There is also the frustration of coming late to a process where one feels the reviewers have done a poor job. This was my first experience. I joined a review process that was at its last stages, and found a short, rather sloppy review that missed most of what I thought were the important points, and belaboured what I thought was a non-issue. Too late did I realize that I could do nothing about it.

Who reviews the reviewers? The reviewers do. I see the appeal of scoring and weighting reviews. It certainly makes reviewing more of a learning experience, which must be a good thing. But I feel rather confused about what I am supposed to write as reviewer feedback. Evidently, I’m not alone, because people seem to put rather different things in the feedback box.
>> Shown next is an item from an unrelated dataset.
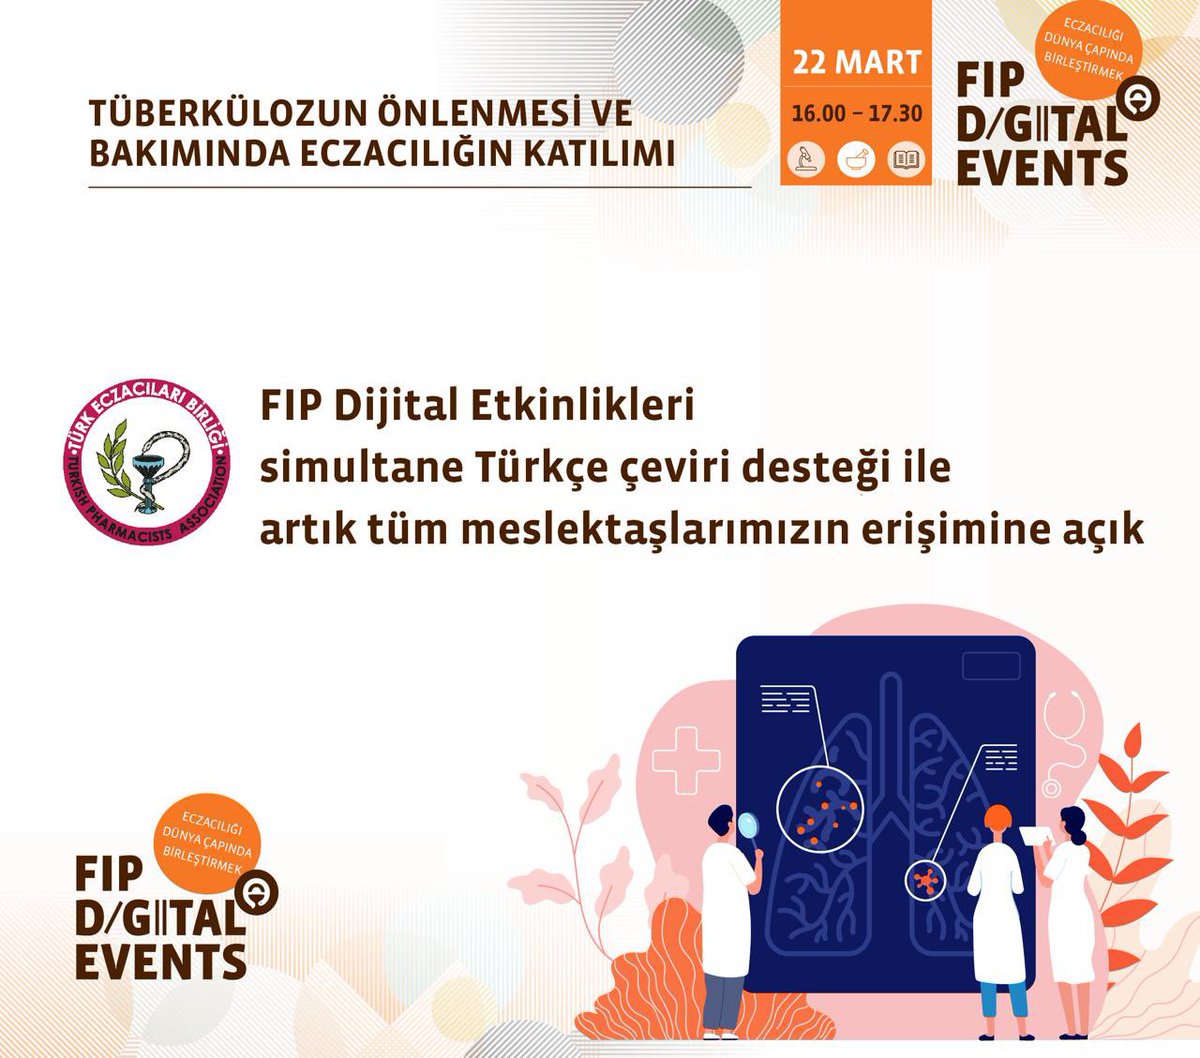 Uluslararası Eczacılık Federasyonu ve Türk Eczacıları Birliği işbirliğiyle; simultane Türkçe çeviri desteği ile tüm meslektaşlarımızın erişimine açılan 'Tüberkülozun Önlenmesi ve Bakımında Eczacılığın Katılımı” başlıklı etkinliğe bit.ly/4apo7Qu linki üzerinden kayıt…

Since the Peerage of Science team have designed the whole format and platform, I assume that every part of the process is thought through. The feedback forms, the prompts that are shown with each step, the point at which different pieces of information is revealed to you — this is part of a vision of better peer review. But sometimes, that vision doesn’t fully make sense to me. For example, if the authors want to sign their manuscripts, Peerage of Science has the following ominous note for them:

Peerage of Science encourages Authors to remain anonymous during the review process, to ensure unbiased peer review and publishing decisions. Reviewers usually expect this too, and may perceive signed submissions as attempts to influence their evaluation and respond accordingly.

Also, I’d really really really love to be able to turn down the frequency of email notifications. In the last four days, I’ve gotten more than one email a day about review processes I’m involved in, even if I can’t do anything more until after the next deadline.